Menurut pendapat tokoh tentang pengertian emosi sebagai berikut:

1. Diungkap Prezz (1999) seorang EQ organizational consultant dan

pengajar senior di Potchefstroom University, Afrika Selatan, secara tegas

mengatakan emosi adalah suatu reaksi tubuh menghadapi situasi tertentu.

Sifat dan intensitas emosi biasanya terkait erat dengan aktivitas kognitif

(berpikir) manusia sebagai hasil persepsi terhadap situasi. Emosi adalah

hasil reaksi kognitif terhadap situasi spesifik.

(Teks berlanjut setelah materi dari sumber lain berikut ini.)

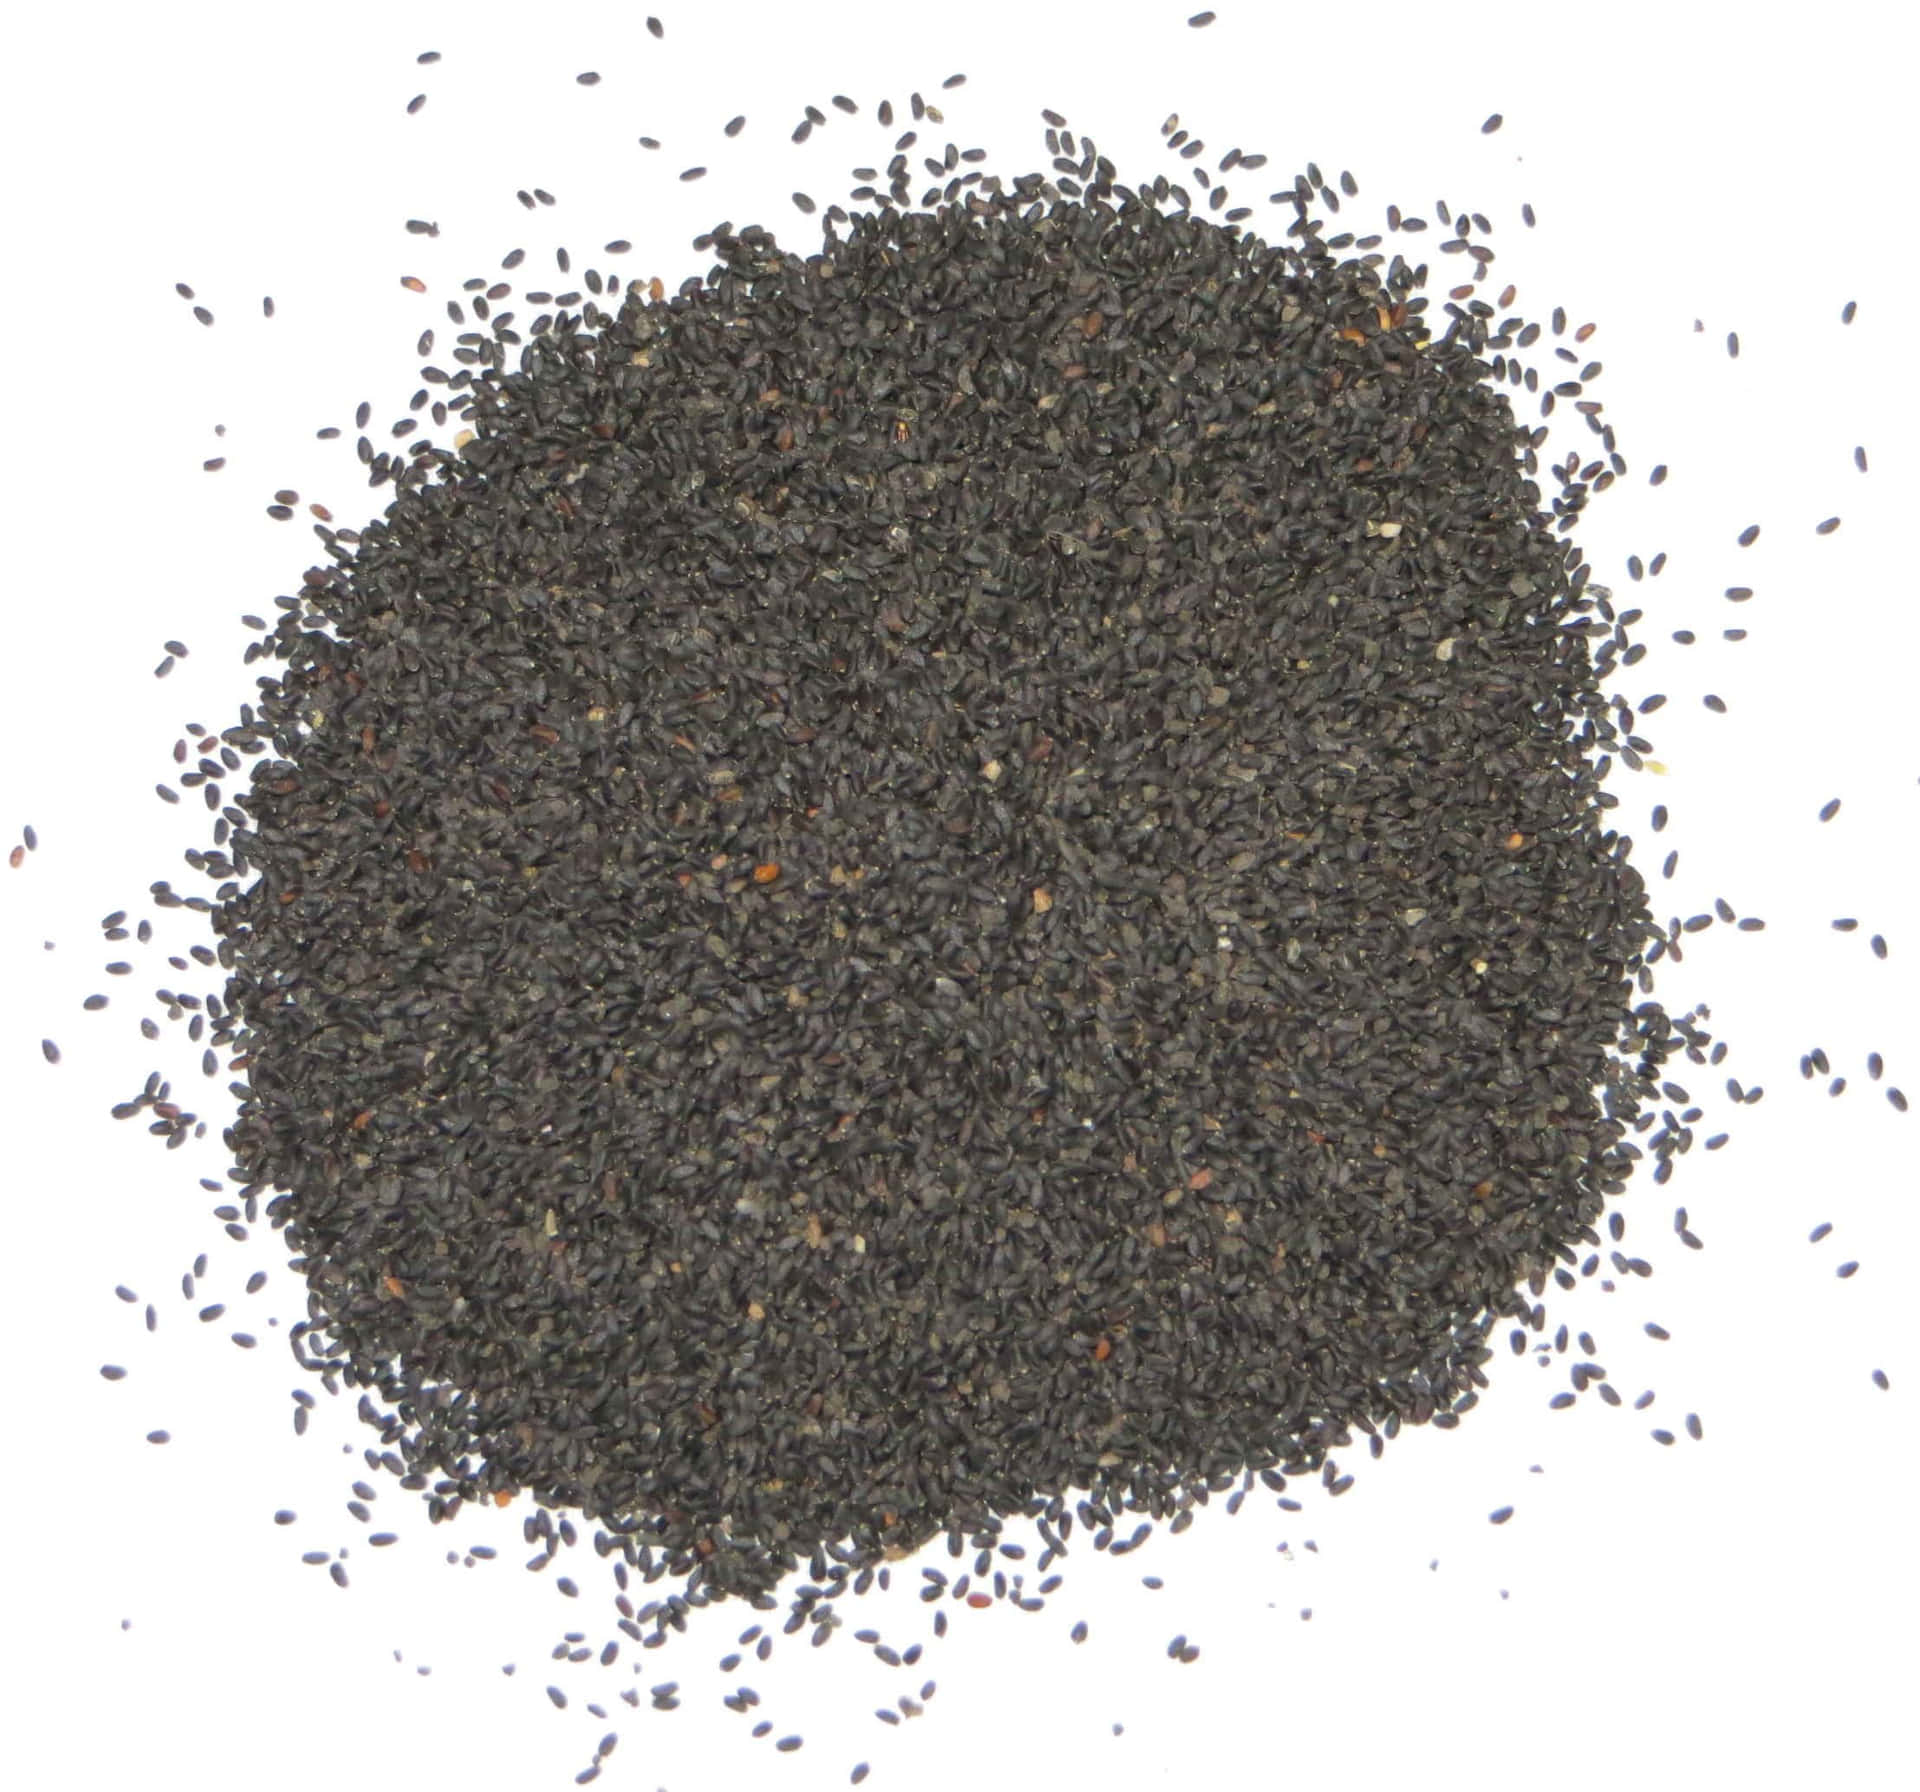 Spicy Whole and Ground Black Cumin Seeds Wallpaper
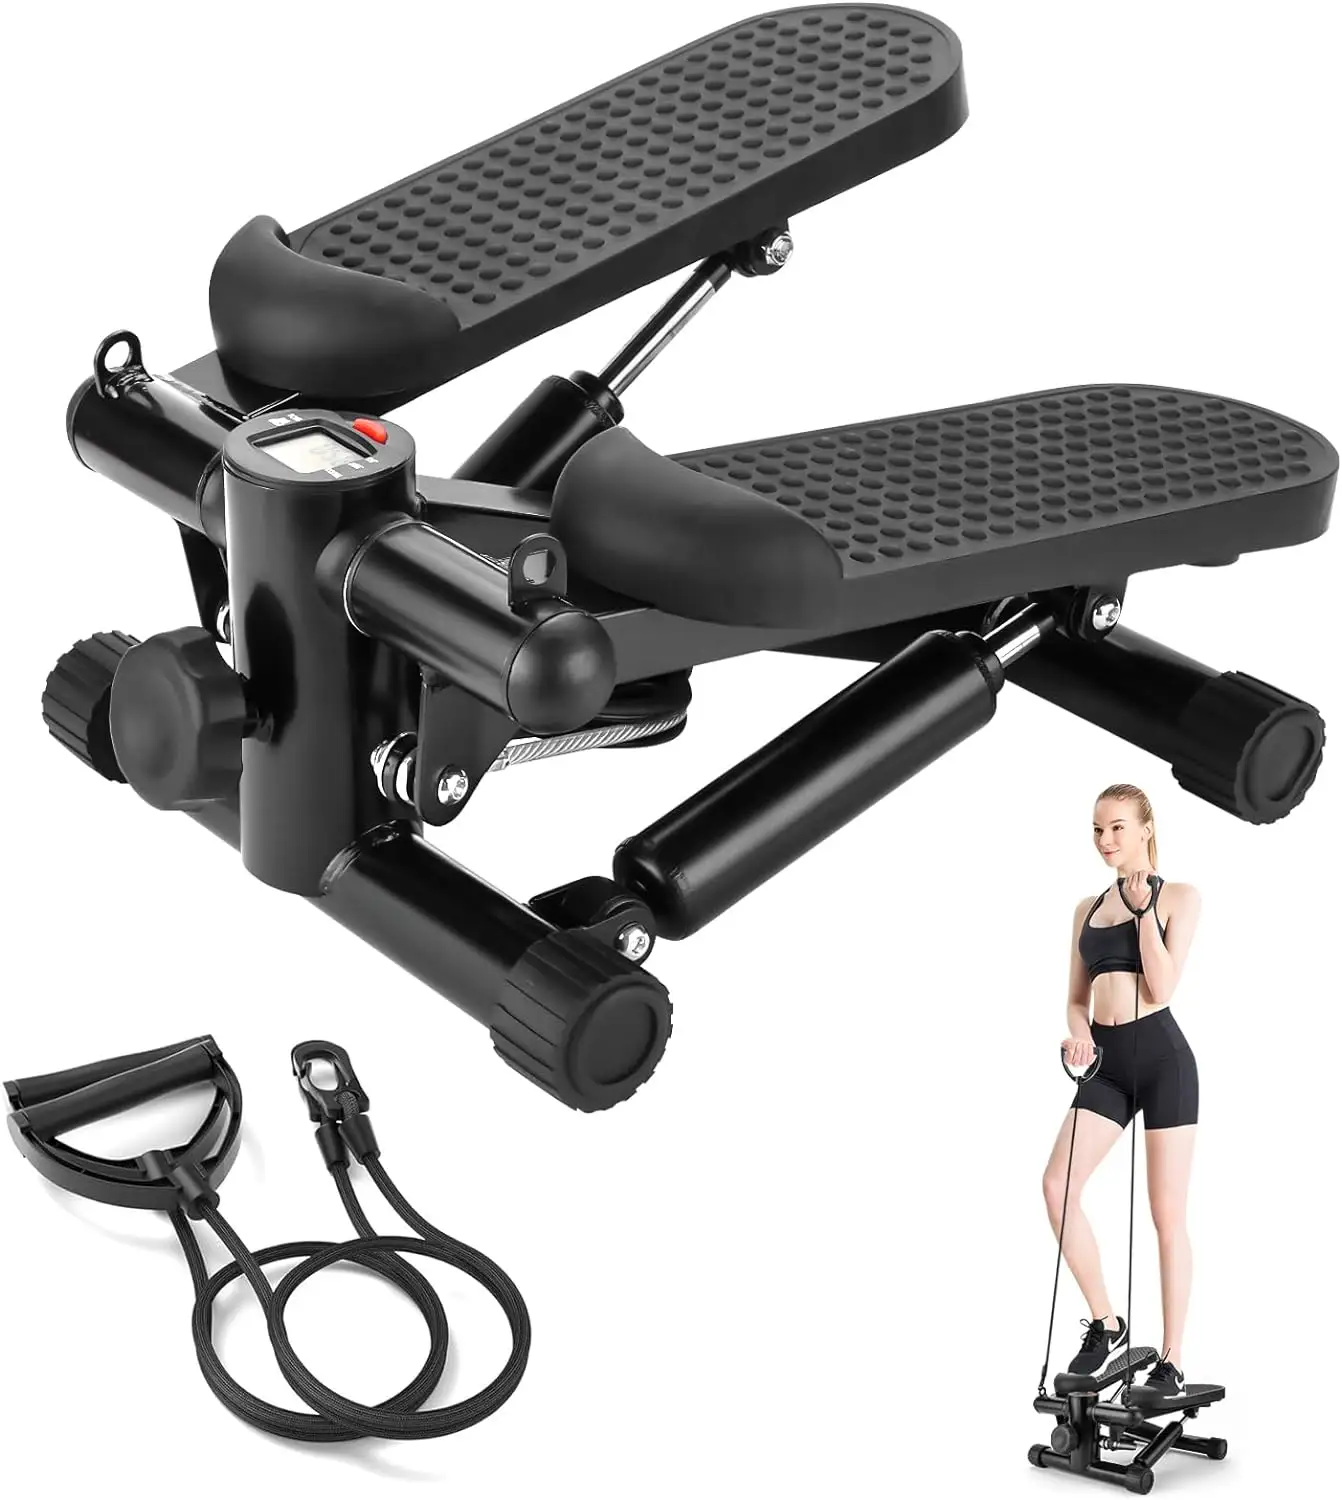 Home Workout Equipment Stair Stepper For Exercise Mini Steppers With Resistance Band Hydraulic Fitness Stepper

2. Hathersall (1985) merumuskan pengertian emosi sebagai suatu psikologis

yang merupakan pengalaman subyektif yang dapat dilihat dari reaksi

wajah dan tubuh. Misalnya seorang remaja yang sedang marah

memperlihatkan muka merah, wajah seram, dan postur tubuh menegang,

bertingkah laku menendang atau menyerang, serta jantung berdenyut

vii
cepat.

3. Selanjutnya Keleinginna and Keleinginan (1981) berpendapat bahwa

emosi seringkali berhubungan dengan tujuan tingkah laku. Emosi sering

didefinisikan dalam istilah perasaan (feeling), misalnya pengalaman-

pengalaman afektif, kenikmatan atau ketidaknikmatan, marah, takut

bahagia, sedih dan jijik.

4. Sedangkan menurut William James (dalam DR. Nyayu Khodijah)

mendefinisikan emosi sebagai keadaan budi rohani yang menampakkan

dirinya dengan suatu perubahan yang jelas pada tubuh.

Perasaan dan emosi pada dasarnya merupakan dua konsep yang

berbeda tetapi tidak bisa dilepaskan. Perasaan selalu saja menyertai dan

menjadi bagian dari emosi. Perasaan (feeling) merupakan pengalaman yang

disadari yang diaktifkan oleh rangsangan dari eksternal maupun internal

(keadaan jasmaniah) yang cenderung lebih bersifat wajar dan sederhana.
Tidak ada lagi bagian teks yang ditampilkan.